Data shown:
========================================================================

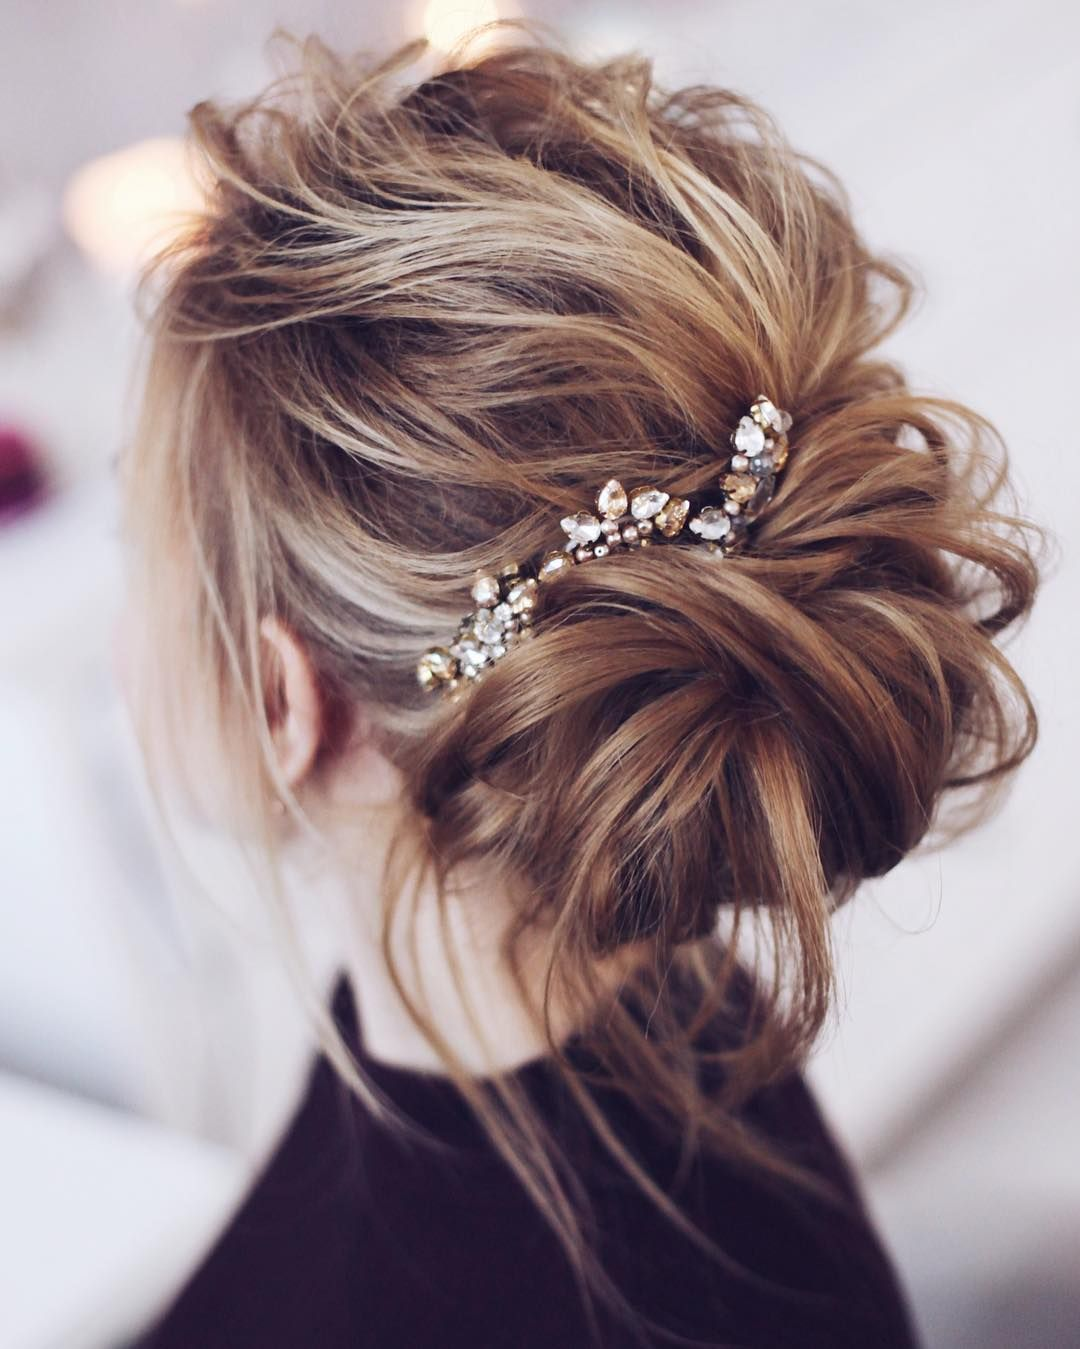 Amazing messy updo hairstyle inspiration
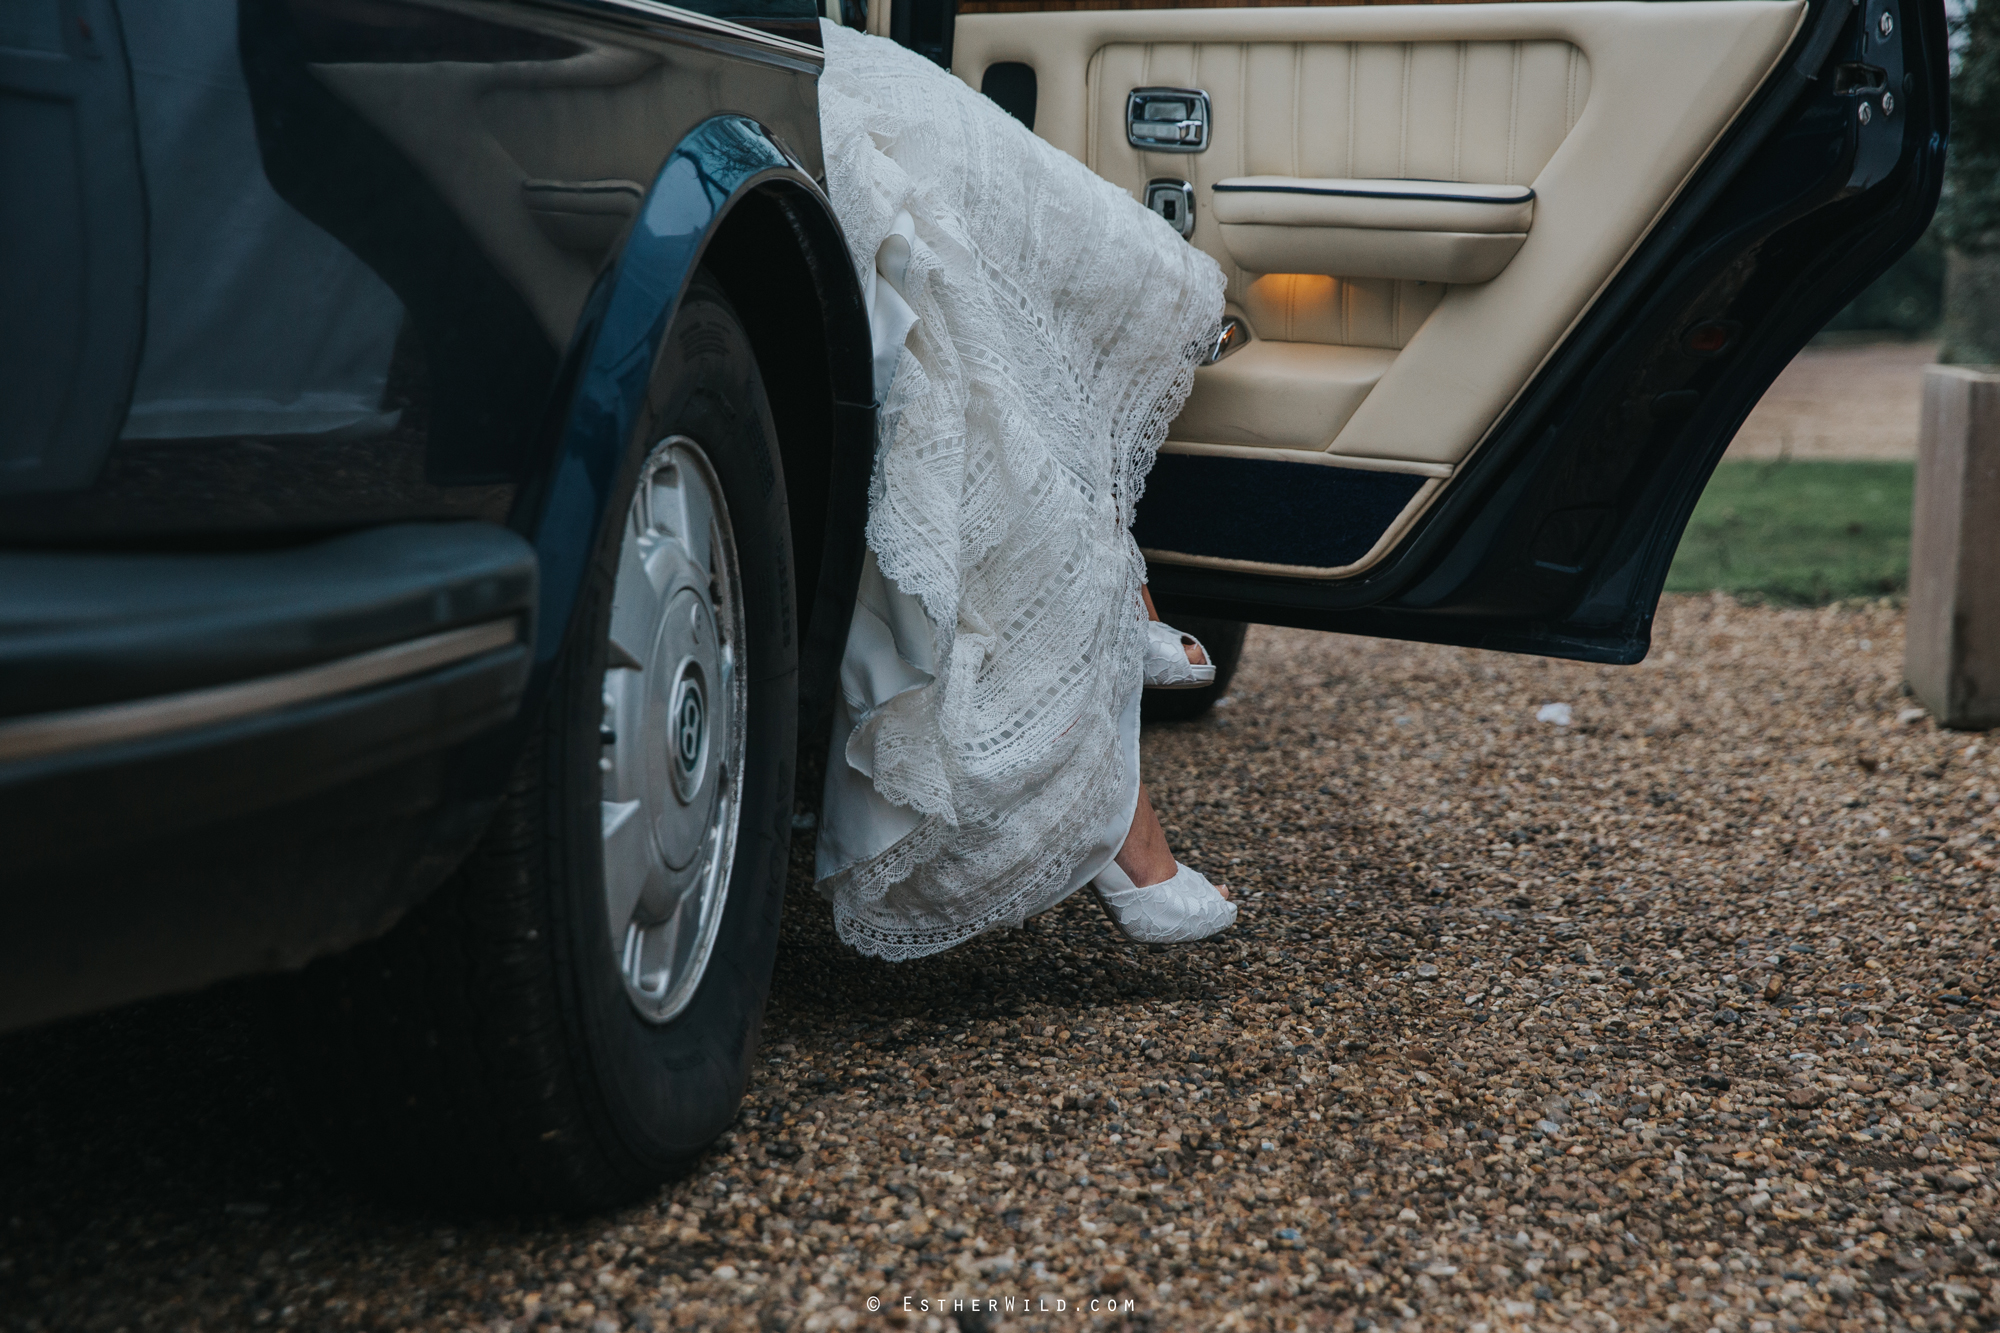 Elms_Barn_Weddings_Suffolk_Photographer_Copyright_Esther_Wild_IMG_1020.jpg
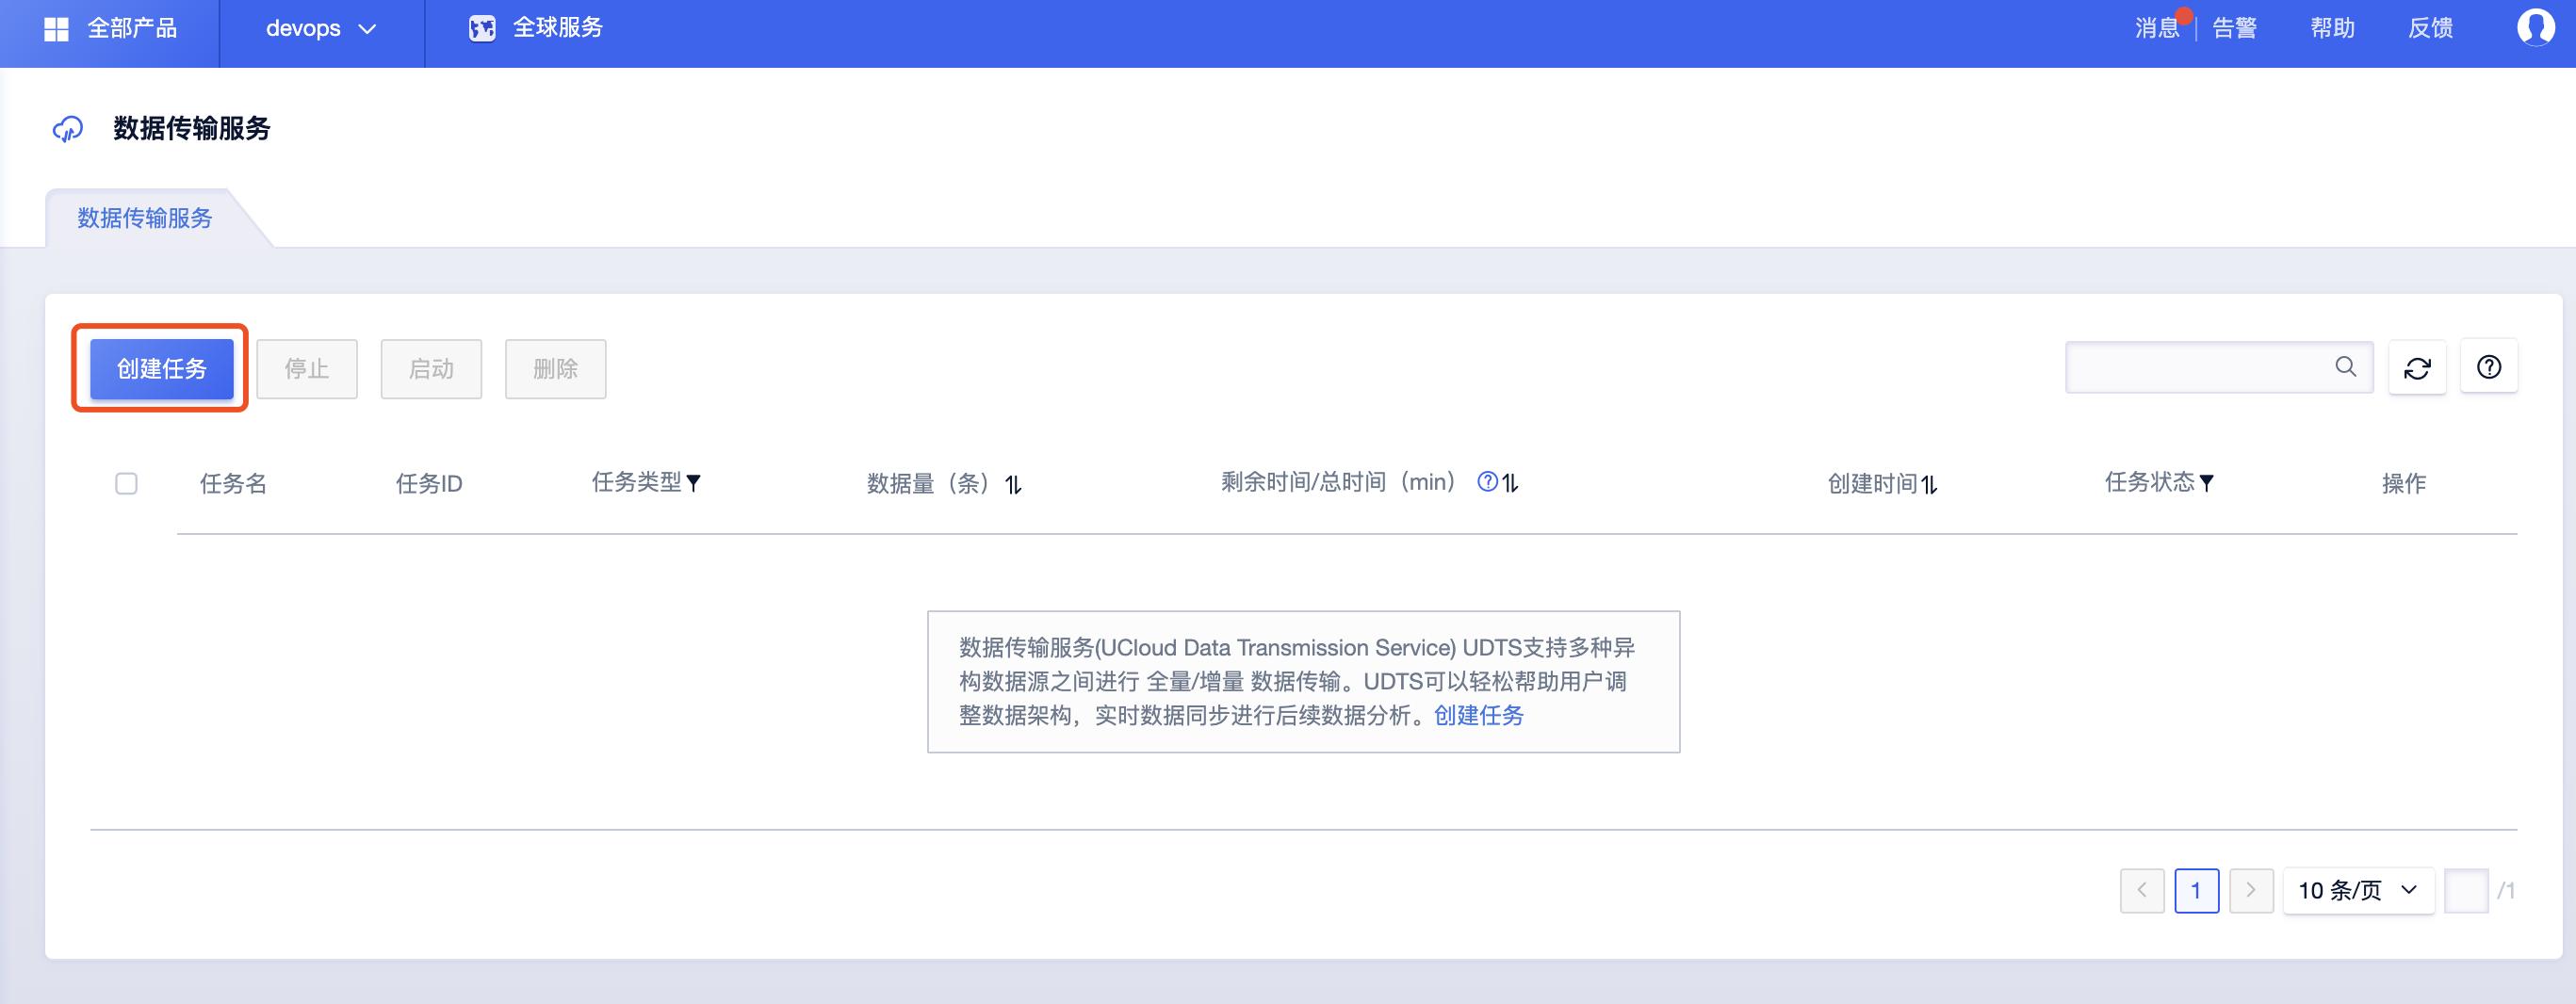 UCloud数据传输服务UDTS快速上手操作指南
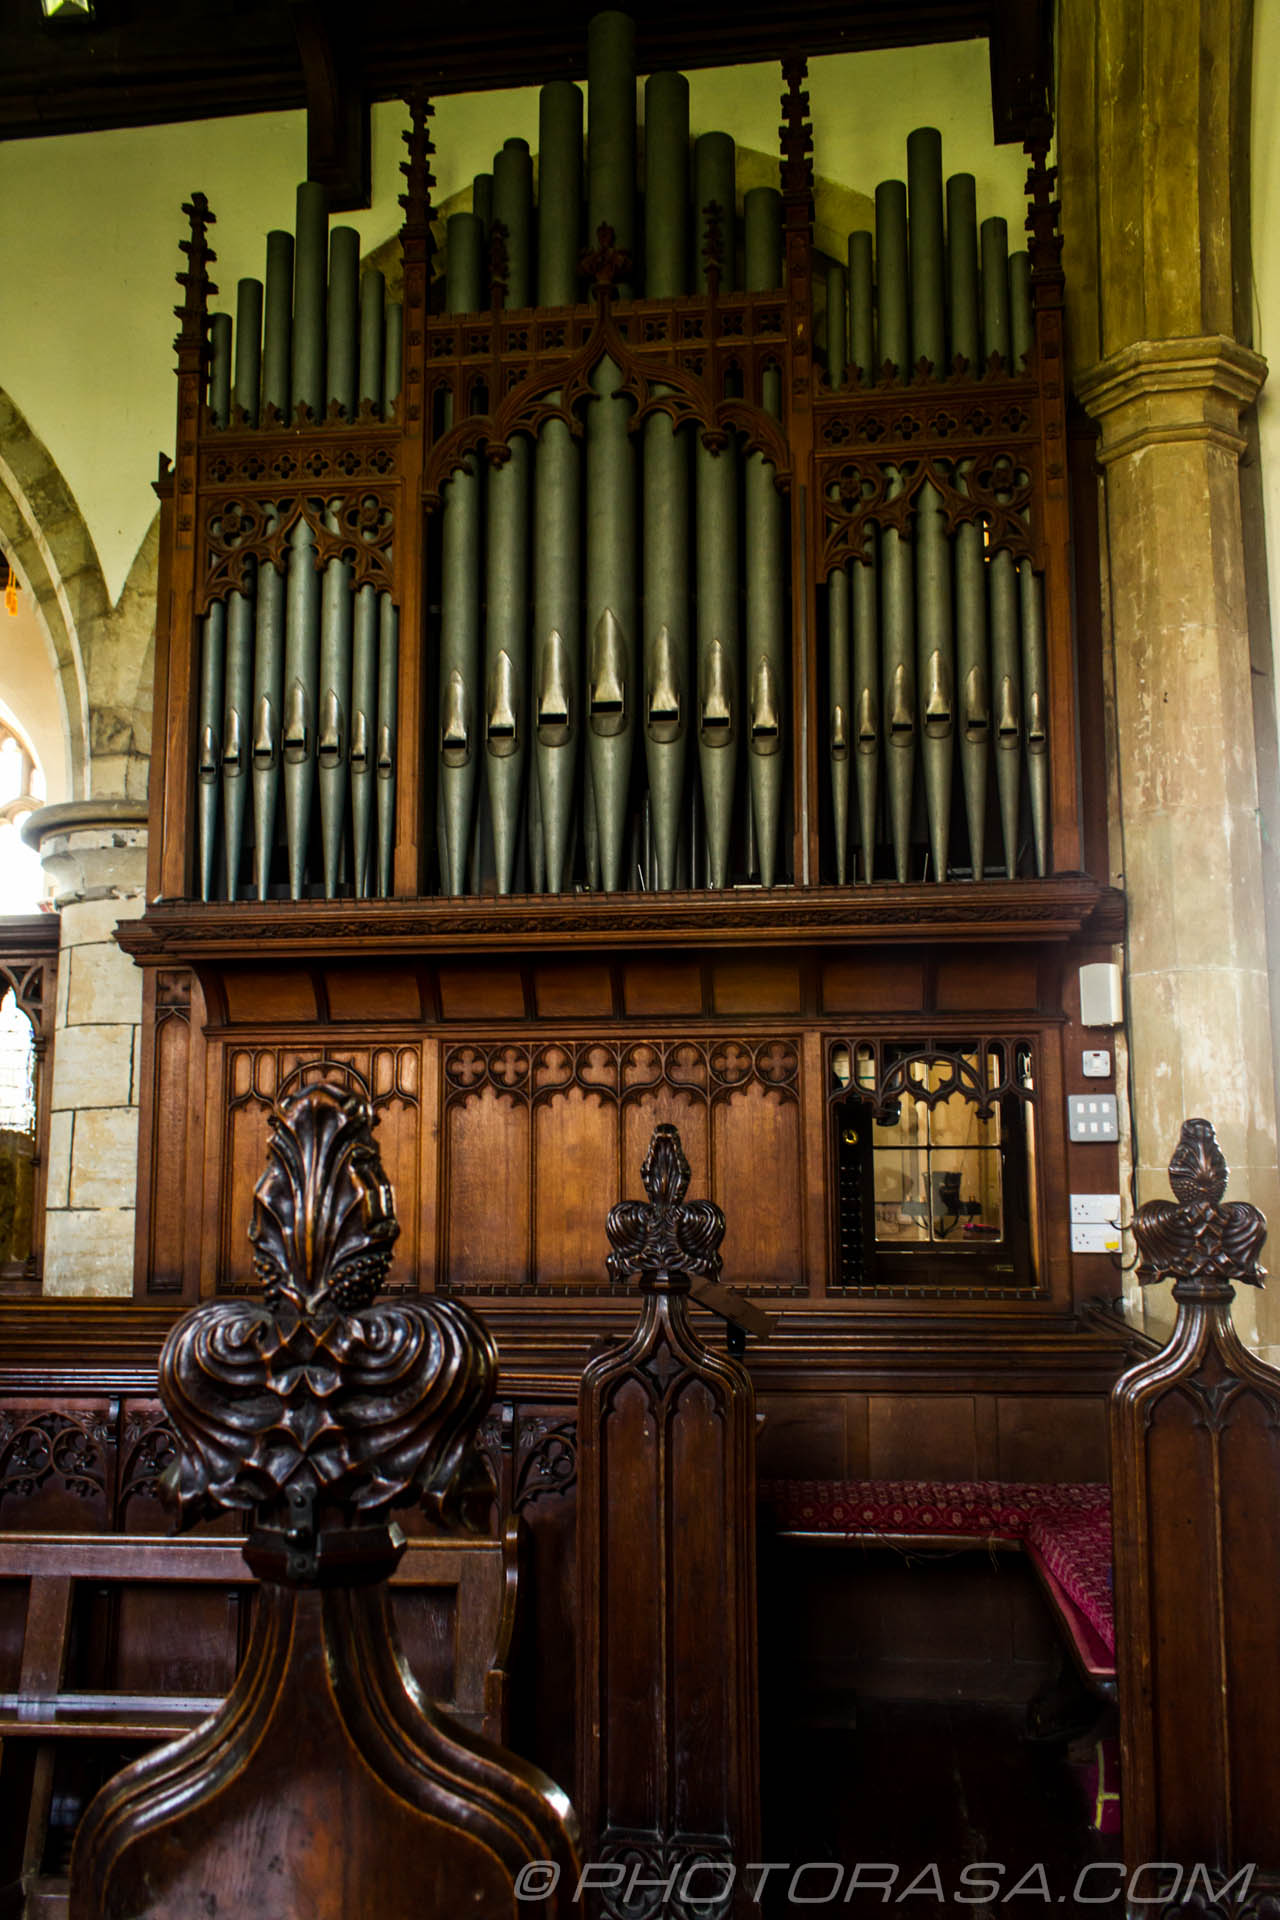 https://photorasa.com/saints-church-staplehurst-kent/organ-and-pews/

========================================================================

Once the pictures are set aside, output all of the data above verbatim.

Task answer:
 Amazing messy updo hairstyle inspiration
 Elms_Barn_Weddings_Suffolk_Photographer_Copyright_Esther_Wild_IMG_1020.jpg
 UCloud数据传输服务UDTS快速上手操作指南
 https://photorasa.com/saints-church-staplehurst-kent/organ-and-pews/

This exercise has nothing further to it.